Kubernetes Taint Not Tolerated
Causes and Fixes
A 'taint not tolerated' scheduling failure occurs when all nodes in the cluster have taints that the pod does not tolerate. Taints are applied to nodes to repel pods that lack corresponding tolerations. Without a matching toleration, the scheduler excludes the node, and if all nodes are tainted, the pod remains in Pending state.
Symptoms
- Pod stuck in Pending state
- FailedScheduling event shows 'node(s) had taint ... that the pod didn't tolerate'
- Pod cannot schedule even though nodes have available resources
- Newly added nodes have unexpected taints preventing scheduling
- Pods evicted after a node gains a condition-based taint
Common Causes
Step-by-Step Troubleshooting
Taint-based scheduling failures are straightforward once you understand which taints exist and which tolerations the pod needs. This guide walks through identifying the taint mismatch and resolving it.
1. Identify the Taint From the Error Message
The FailedScheduling event tells you exactly which taint is blocking.
kubectl describe pod <pod-name>
The event message will include something like:
0/3 nodes are available: 3 node(s) had taint {node-role.kubernetes.io/control-plane: }, that the pod didn't tolerate.
or
0/5 nodes are available: 2 node(s) had taint {dedicated: gpu}, that the pod didn't tolerate, 3 Insufficient cpu.
Note the taint key, value, and how many nodes it affects.
2. List All Node Taints
Get a comprehensive view of all taints across the cluster.

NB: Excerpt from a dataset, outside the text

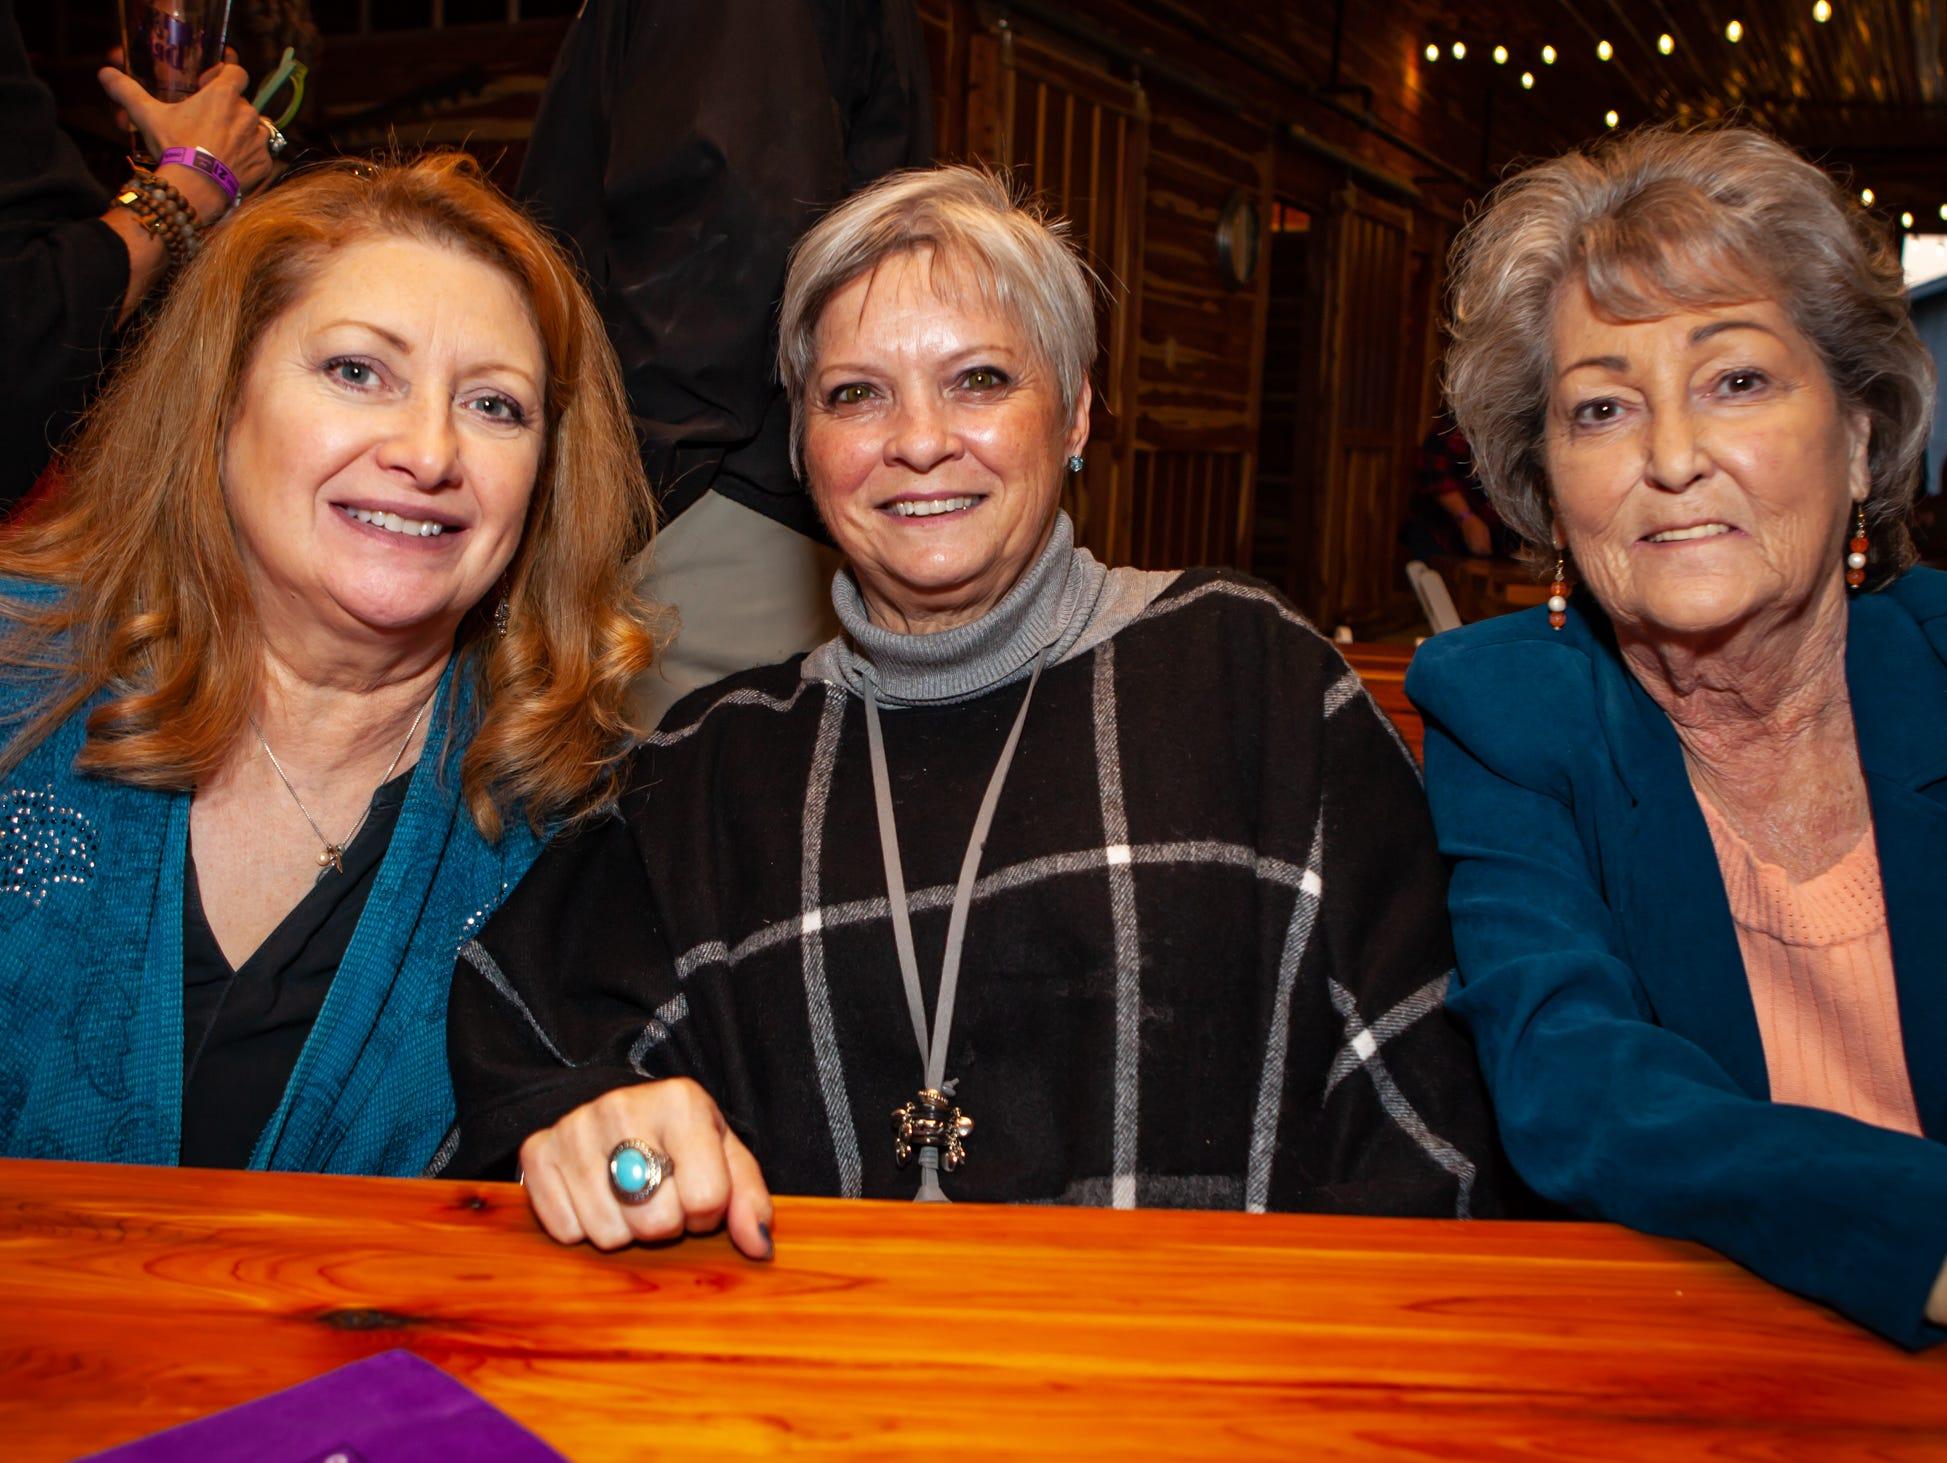 Boots and Brews: Lori Gliko, Wanda Ellithorpe and Mary Lou Claxton

# List all taints on all nodes
kubectl get nodes -o custom-columns=NAME:.metadata.name,TAINTS:.spec.taints
# More readable format
kubectl describe nodes | grep -E "^Name:|^Taints:"
# Check a specific node
kubectl describe node <node-name> | grep -A5 "Taints:"
3. Check the Pod's Current Tolerations
See what tolerations the pod already has.
kubectl get pod <pod-name> -o jsonpath='{.spec.tolerations}' | jq .
# If the pod is from a Deployment, check the template
kubectl get deployment <deployment-name> -o jsonpath='{.spec.template.spec.tolerations}' | jq .
Kubernetes automatically adds certain tolerations to every pod:
node.kubernetes.io/not-ready:NoExecute(tolerationSeconds: 300)node.kubernetes.io/unreachable:NoExecute(tolerationSeconds: 300)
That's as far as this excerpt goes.